• **EXERCISE DESCRIPTION**
The copy should begin at the line containing "How to Apply" and end with the last line below, every line exact and no picture included.

• **SUPPLIED INFORMATION**
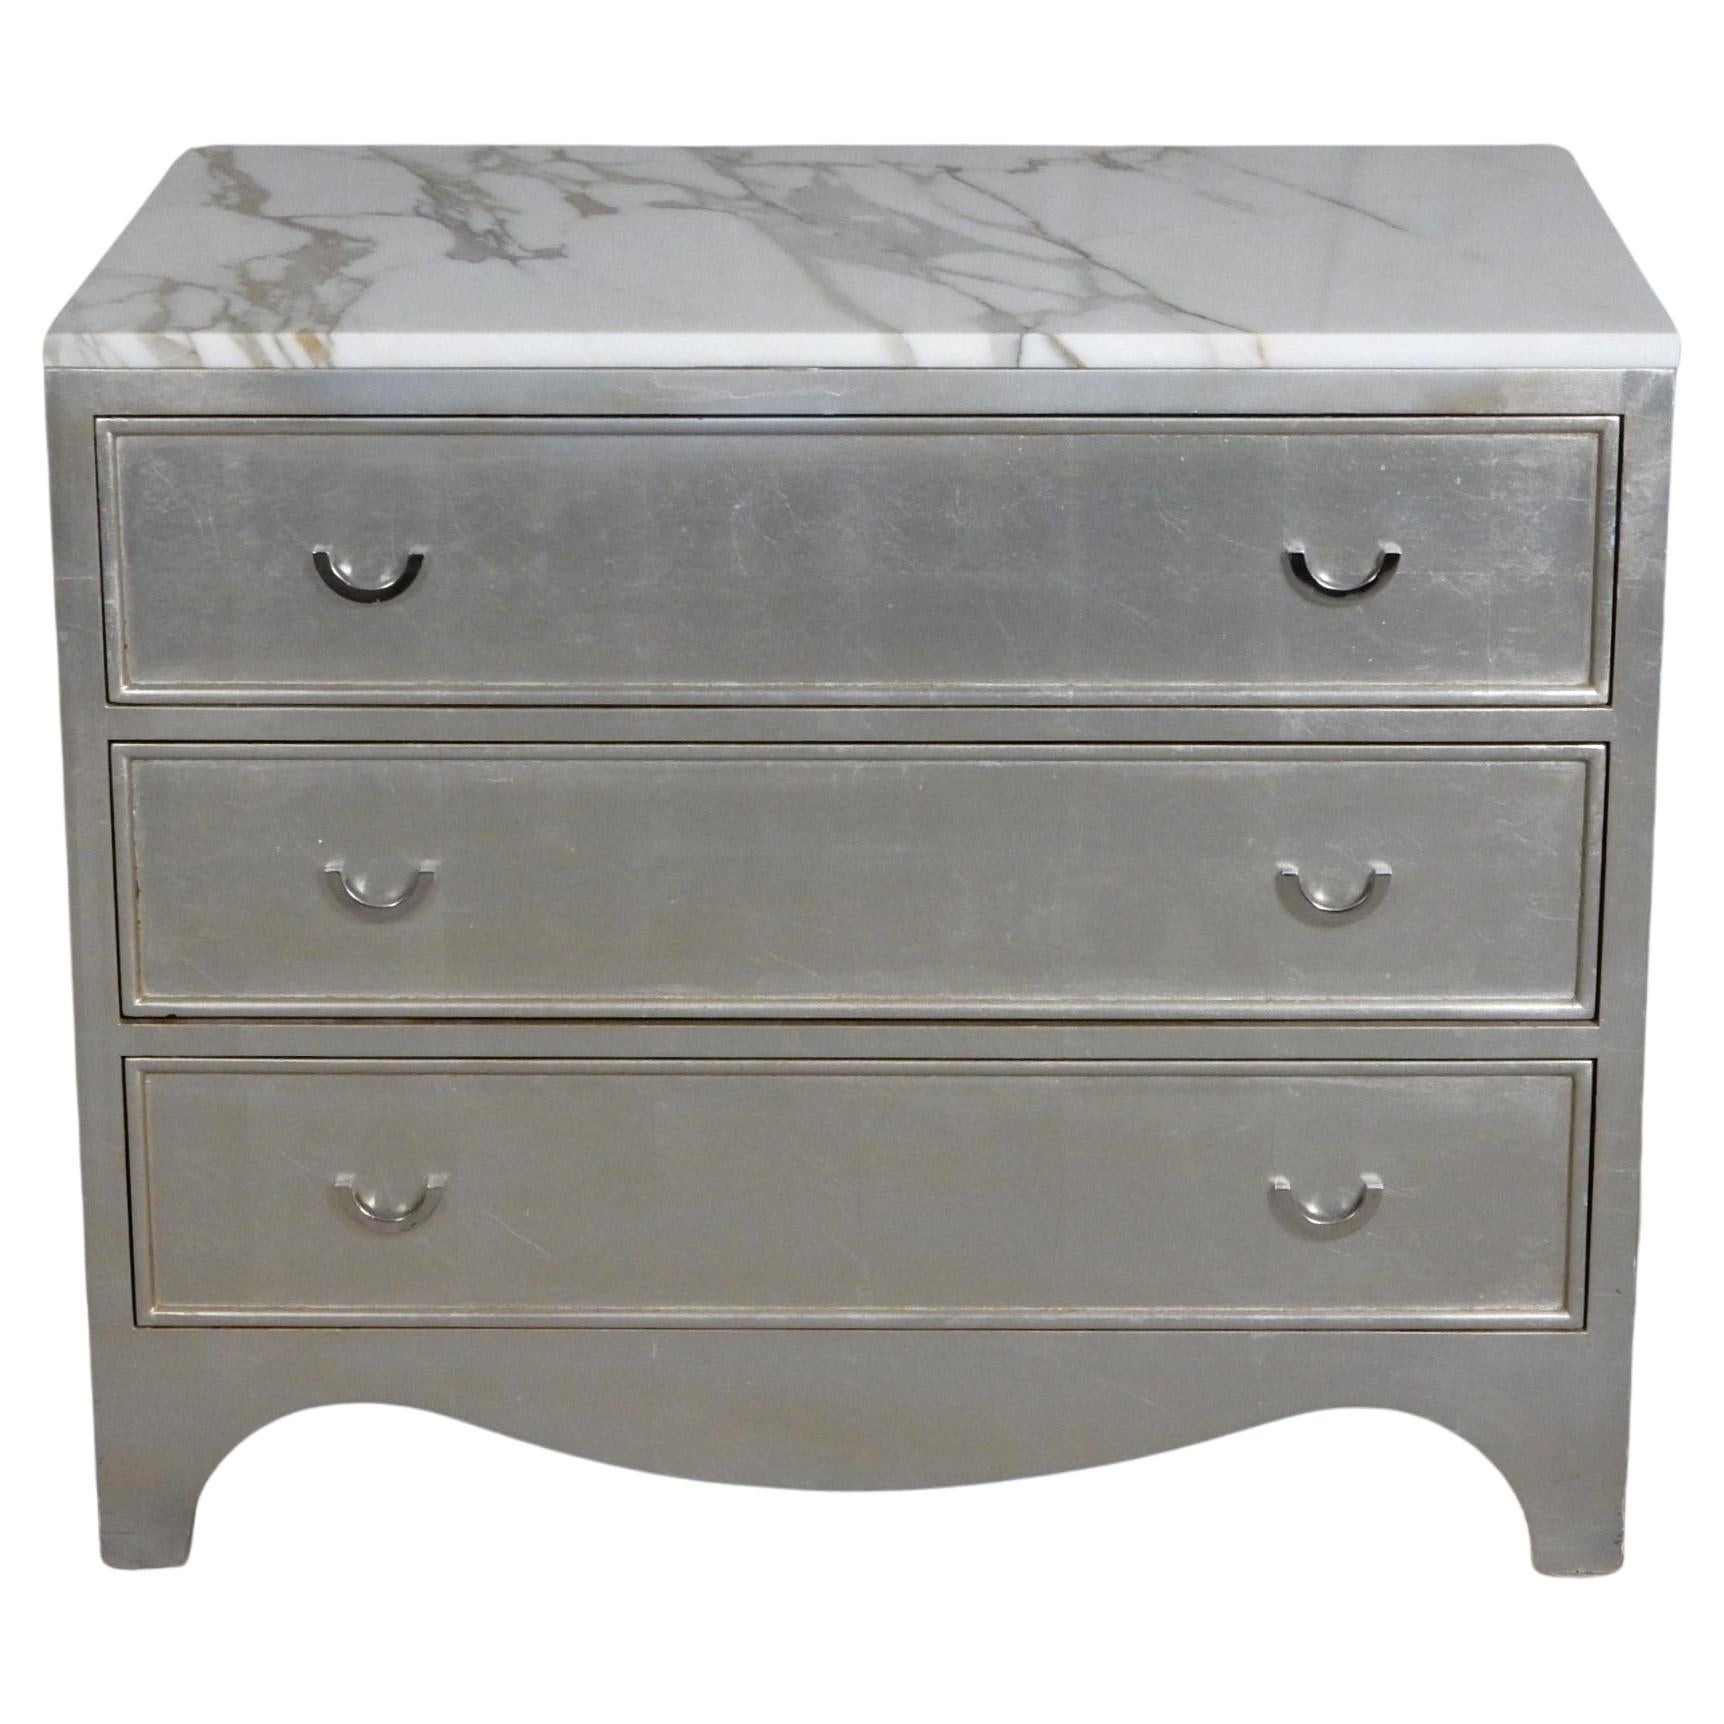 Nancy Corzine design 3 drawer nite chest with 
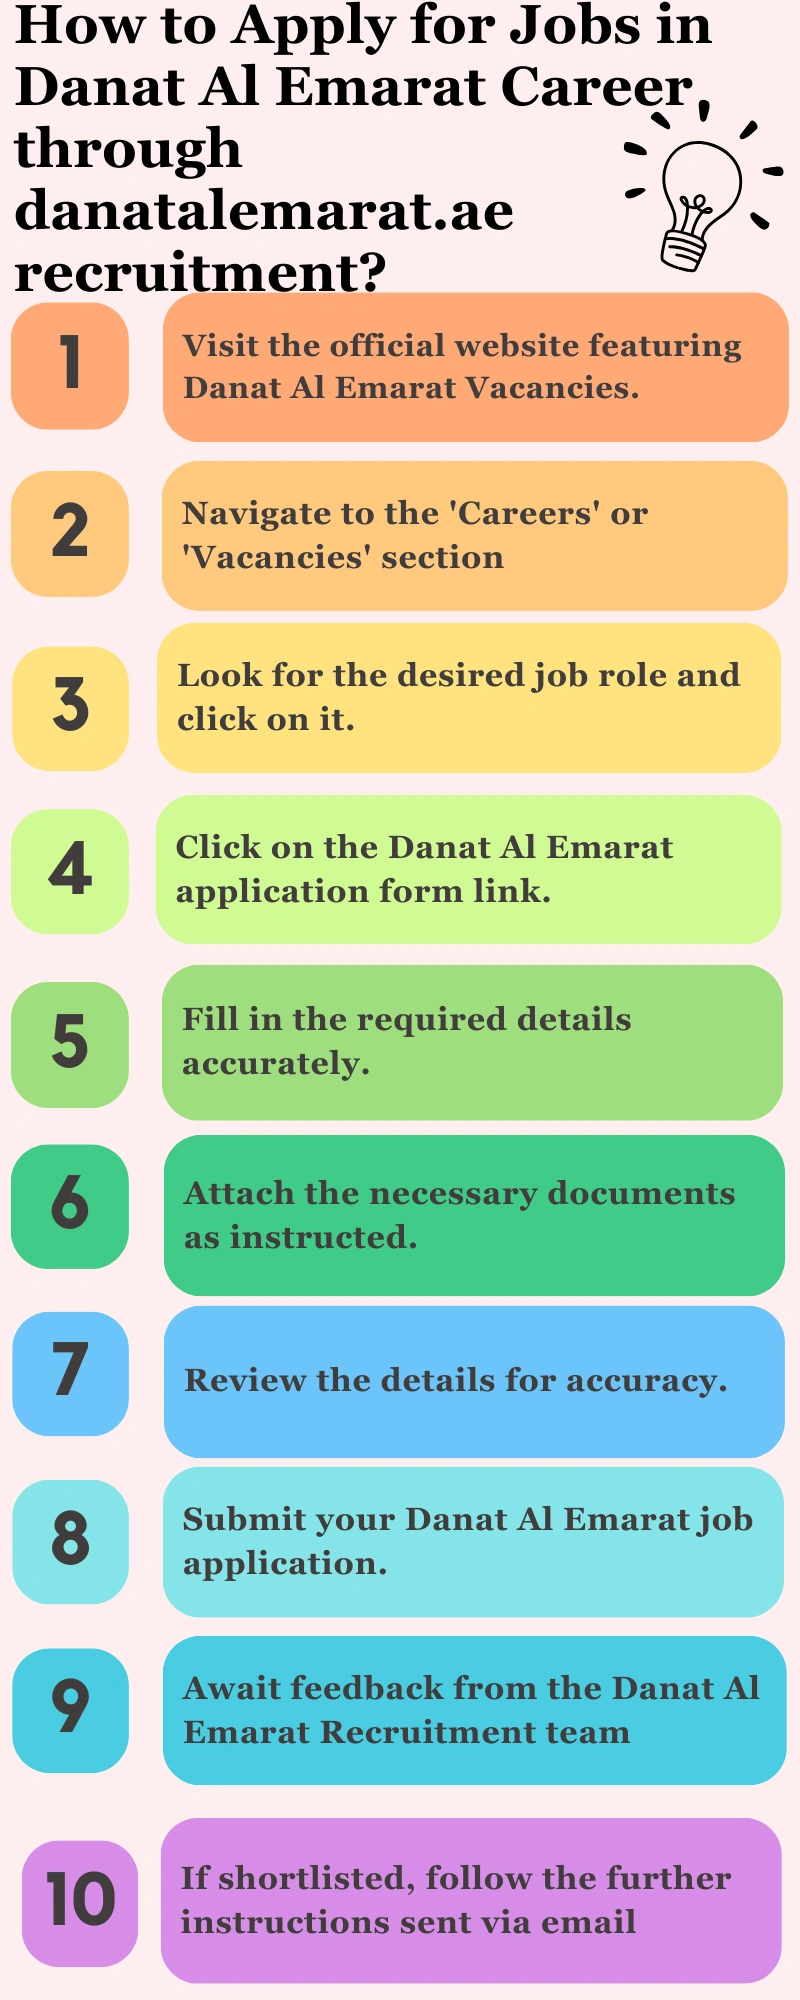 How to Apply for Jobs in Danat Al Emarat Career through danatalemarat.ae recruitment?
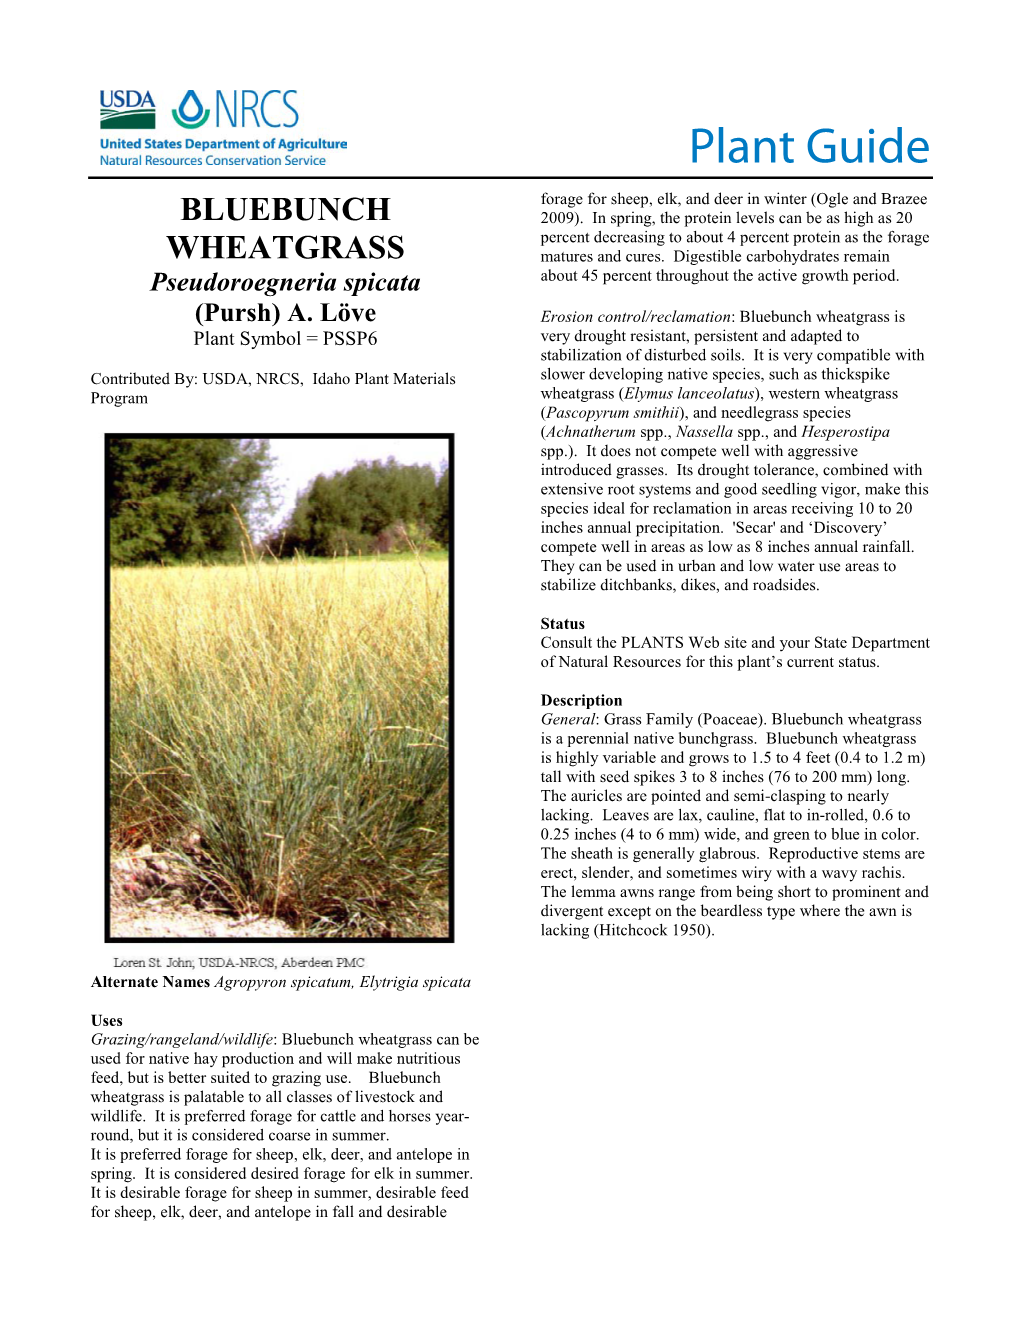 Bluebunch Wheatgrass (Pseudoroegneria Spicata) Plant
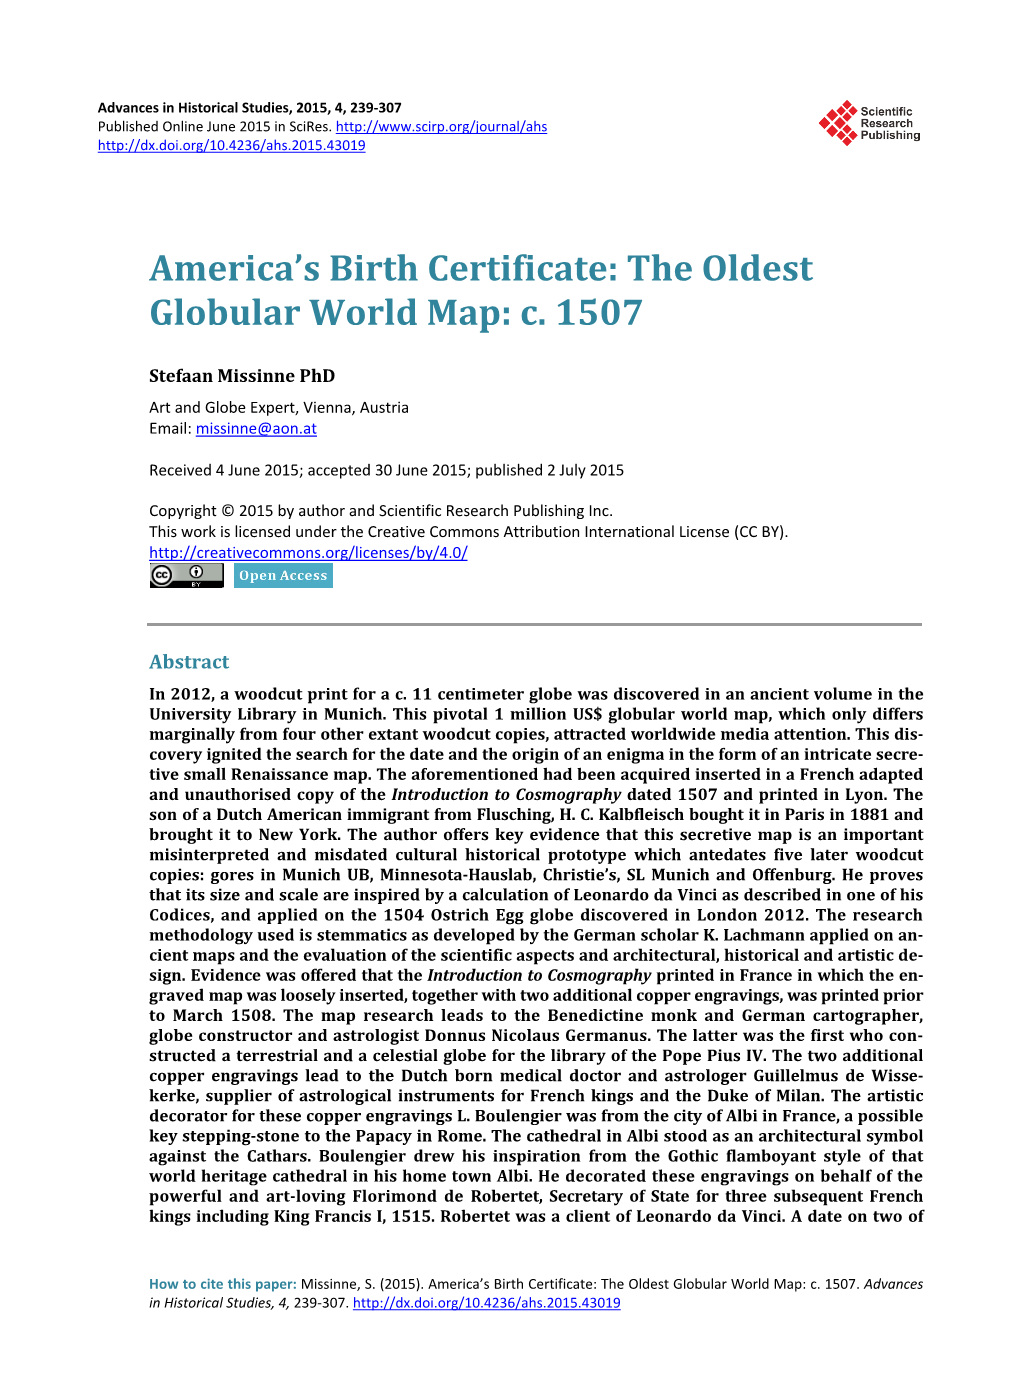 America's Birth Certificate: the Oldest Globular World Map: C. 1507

• **TASK RESULT**
 How to Apply for Jobs in Danat Al Emarat Career through danatalemarat.ae recruitment?
 Bluebunch Wheatgrass (Pseudoroegneria Spicata) Plant
 America's Birth Certificate: the Oldest Globular World Map: C. 1507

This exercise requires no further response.